Microsoft Waits for Patch Tuesday to Fix SMB Zero Day

Microsoft said a Windows SMB zero day, which has a public proof-of-concept exploit available, is low risk and won’t be patched until an upcoming Patch Tuesday.

Microsoft will not rush out an emergency patch for a zero-day vulnerability disclosed on Wednesday in the Windows implementation of the Server Message Block protocol.

Researcher Laurent Gaffie announced in a tweet, below, that he’d found a zero-day vulnerability in SMBv3 and released a proof-of-concept exploit. He told Threatpost that he privately disclosed the issue to Microsoft on Sept. 25 and that Microsoft told him it had a patch ready for its December patch release, but decided to wait until its scheduled February update to release several SMB patches rather than a single fix in December. Microsoft considers the vulnerability, a remotely triggered denial-of-service bug, low-risk.

“Windows is the only platform with a customer commitment to investigate reported security issues, and proactively update impacted devices as soon as possible. Our standard policy is that on issues of low risk, we remediate that risk via our current Update Tuesday schedule,” a Microsoft spokesperson told Threatpost in email statement. The next scheduled Microsoft update is Feb. 14.

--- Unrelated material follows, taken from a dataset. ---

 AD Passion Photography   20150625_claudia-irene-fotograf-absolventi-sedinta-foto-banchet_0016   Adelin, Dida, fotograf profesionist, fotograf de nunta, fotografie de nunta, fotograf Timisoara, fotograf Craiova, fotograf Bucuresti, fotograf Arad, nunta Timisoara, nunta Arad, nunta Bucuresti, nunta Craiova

Gaffie said the vulnerability is specifically a null pointer dereference in SMB and that it affects Windows Server 2012 and 2016. He added that a joint analysis between himself and Microsoft concluded that code execution doesn’t seem possible through an exploit of this vulnerability. SMB is generally not exposed to the Internet, though Gaffie said that outbound connections where clients connect to remote file servers are more likely to be allowed than inbound SMB connections over an open port 445.

“This bug can be used to trigger a reboot on a given target, it can be either local (via netbios, llmnr poisoning) or remote via a UNC link (example: adding an image with a link: \\attacker.com\file.jpg in an email),” Gaffie said. “It’s important to note that this trivial bug should have been caught immediately by their SDLC process, but surprisingly it was not. “This means that the new code base was simply not audited or fuzzed before shipping it on their latest operating systems.”

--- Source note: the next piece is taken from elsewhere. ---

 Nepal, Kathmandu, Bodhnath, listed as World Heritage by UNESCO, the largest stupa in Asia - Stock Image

Gaffie also said he decided to release details prior to the availability of a patch because it’s not his first experience working with Microsoft where they have delayed a patch release for one of his bugs.

“I decided to release this bug one week before the patch is released, because it is not the first time Microsoft sits on my bugs,” he said. “I’m doing free work here with them (I’m not paid in anyways for that) with the goal of helping their users. When they sit on a bug like this one, they’re not helping their users but doing marketing damage control, and opportunistic patch release. This attitude is wrong for their users, and for the security community at large.”

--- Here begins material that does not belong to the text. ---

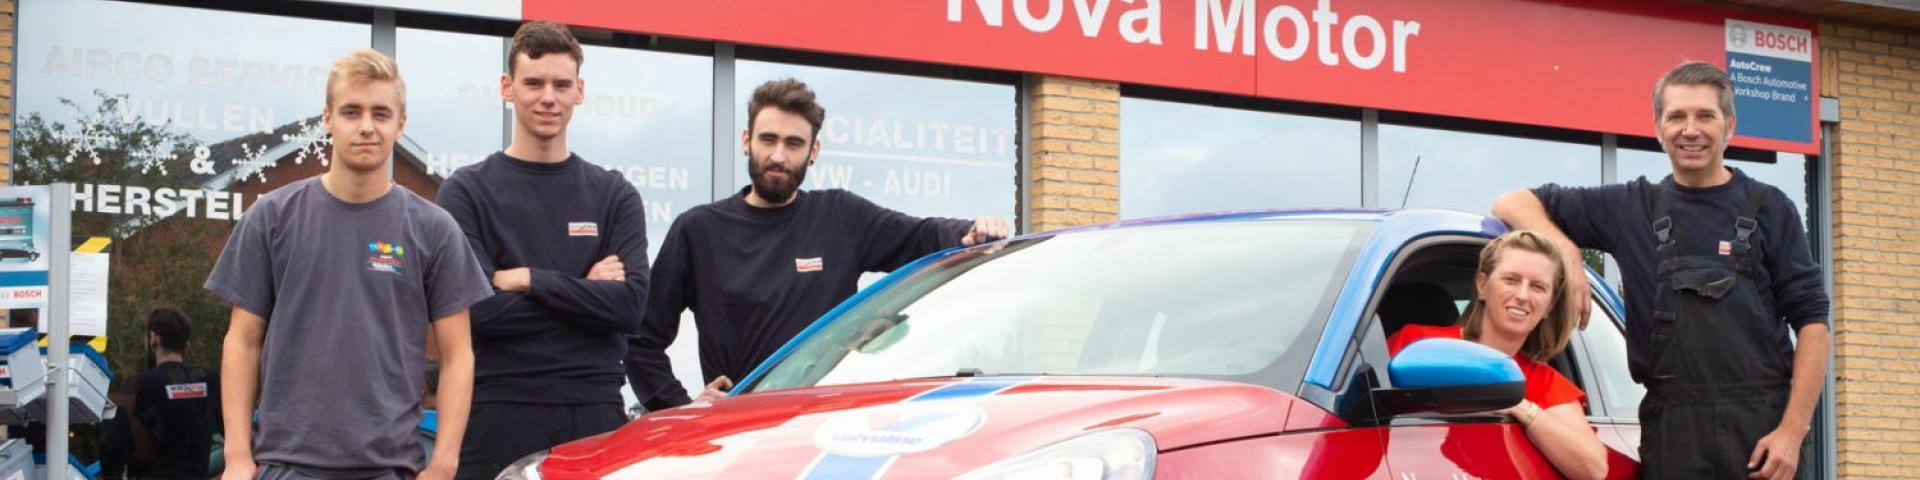 Nova Motor AutoCrew team

Johannes Ullrich, dean of research at the SANS Institute and director of the SANS Internet Storm Center, said he ran Gaffie’s exploit and could confirm that it caused a crash on a fully patched Windows 10 system.

“Modern Windows versions have several protection mechanisms to prevent remote execution for exploits like this,” Ullrich said. “It would likely be difficult, but not necessarily impossible.”

Ullrich published a post on the SANS ISC site describing his testing of Gaffie’s exploit. The PoC would require an attacker to send a link to a victim, luring them to connect to a malicious SMB server instance.

“A URL like \\[server ip address\IPC$ would trigger the exploit,” Ullrich said. “I have tested it in Edge and Internet Explorer on Windows 10 with a local html file like that and it shut down the system immediately.

“The exploit implements its own SMB server, so it is as easy as running the exploit, making sure the user can connect (e.g. firewall issues) and then sending the ‘right’ link to the user,” Ullrich said. “This is pretty easy to exploit. Took me maybe 10 minutes to get it to work. The exploit comes without instructions.”

Ullrich explained that the attacker will respond with a crafted Tree Connect Response—Tree Connect Requests are sent to Windows Servers when users connect to shares—that is lengthy and also includes a “long trailer.” He explained in the SANS ISC post that the tree connect response message consists of a NetBIOS header and message type of a total length of 1580 bytes, and a SMB2 header that is 64 bytes long. The Tree Connect Response message has a fixed length of 8 bytes in addition to the fixed header.

“This is where the message should end. But apparently, since the total message size according to the NetBIOS header is larger, Windows keeps on decoding in the crafted header (all ‘C’s’ in the exploit), which then triggers the buffer overflow,” Ullrich said.